C_major_chord = note_root + note_3rd + note_5th
ipd.Audio(C_major_chord, rate=sr)

Out [5]:

In [6]:

pitch_miplat = 622.25

# C minor chord 합성
note_root = amp * np.sin(2.0*np.pi*pitch_do*t)
note_3rd = amp * np.sin(2.0*np.pi*pitch_miplat*t)
note_5th = amp * np.sin(2.0*np.pi*pitch_sol*t)

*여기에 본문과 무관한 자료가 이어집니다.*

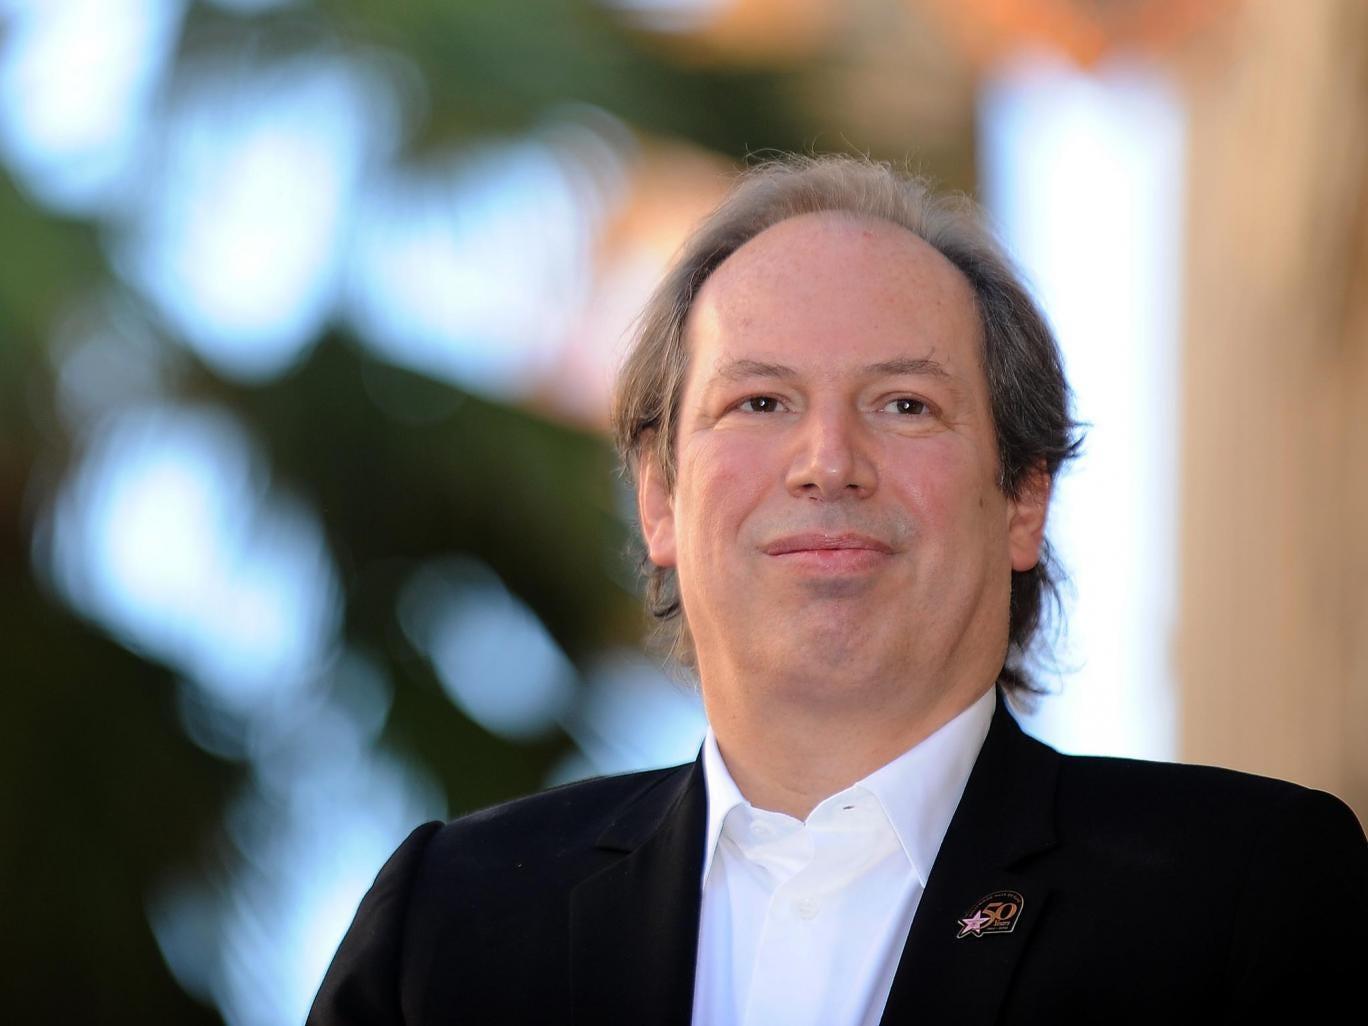 Legendary composer Hans Zimmer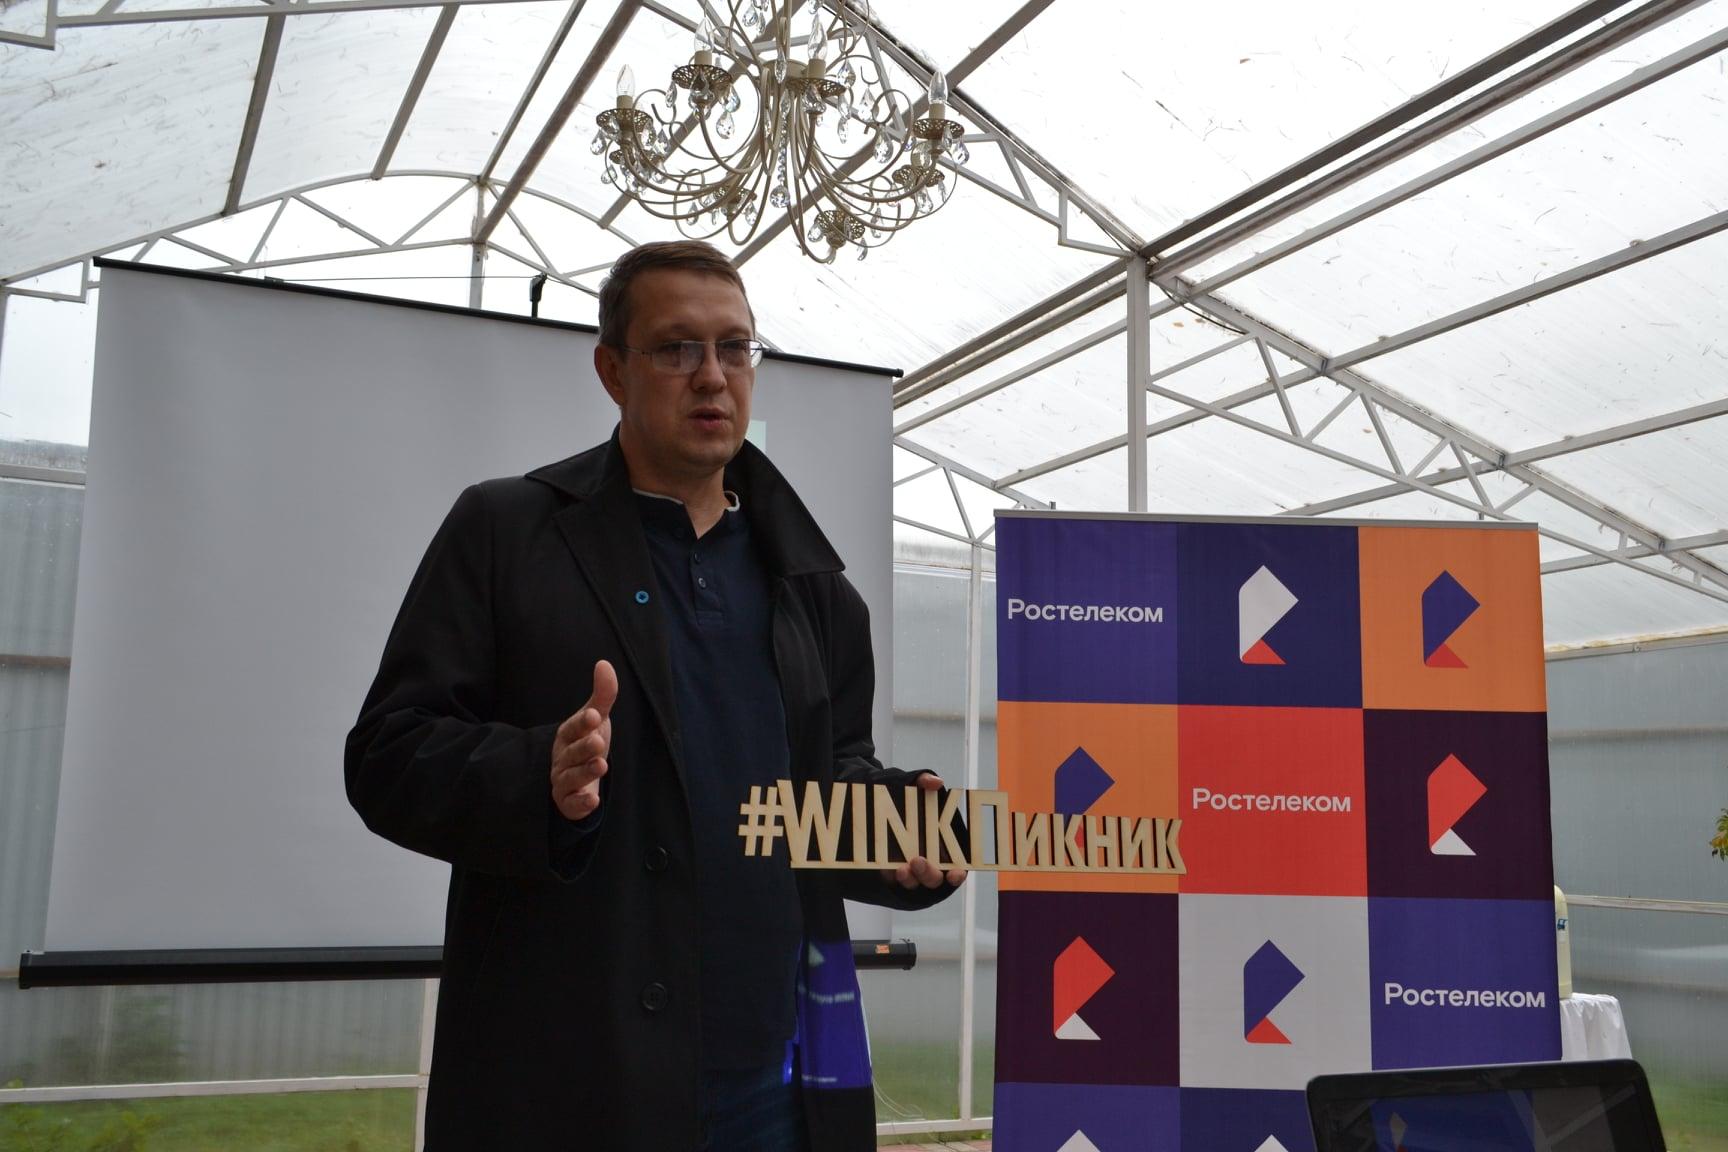 Ростелеком начал продавать все собственные мультмедиа-сервисы в рамках единой подписки

C_minor_chord = note_root + note_3rd + note_5th
ipd.Audio(C_minor_chord, rate=sr)

Out [6]:

root가 아니라 구성요소(배음)를 찾는게 중요! -> 소리의 온도
음성인식에서 목소리의 지문 역할을 한다.

노래 합성

In [7]:

# 파형 위로 쌓기
np1 = np.array([1,2,3])
np2 = np.array([4,5,6])
np1+np2

Out [7]:

array([5, 7, 9])

In [8]:

# 파형 옆으로 쌓기
np12 = np.append(np1, np2)
np12

Out [8]:

array([1, 2, 3, 4, 5, 6])

In [9]:

# 솔솔 라라 솔솔미 솔솔미미레
# 위의 위로 쌓기와 다른 옆으로 쌓기

In [10]:

pitch_0 = 0
# 0.5초짜리 음표 생성
T = 0.5
t = np.linspace(0, T, int(T*sr))
note_do = amp * np.sin(2.0*np.pi*pitch_do*t)
note_re = amp * np.sin(2.0*np.pi*pitch_re*t)
note_mi = amp * np.sin(2.0*np.pi*pitch_mi*t)
note_pa = amp * np.sin(2.0*np.pi*pitch_pa*t)
note_sol = amp * np.sin(2.0*np.pi*pitch_sol*t)
note_la = amp * np.sin(2.0*np.pi*pitch_la*t)
note_si = amp * np.sin(2.0*np.pi*pitch_si*t)
note_do2 = amp * np.sin(2.0*np.pi*pitch_do2*t)
note_0 = amp * np.sin(2.0*np.pi*pitch_0*t)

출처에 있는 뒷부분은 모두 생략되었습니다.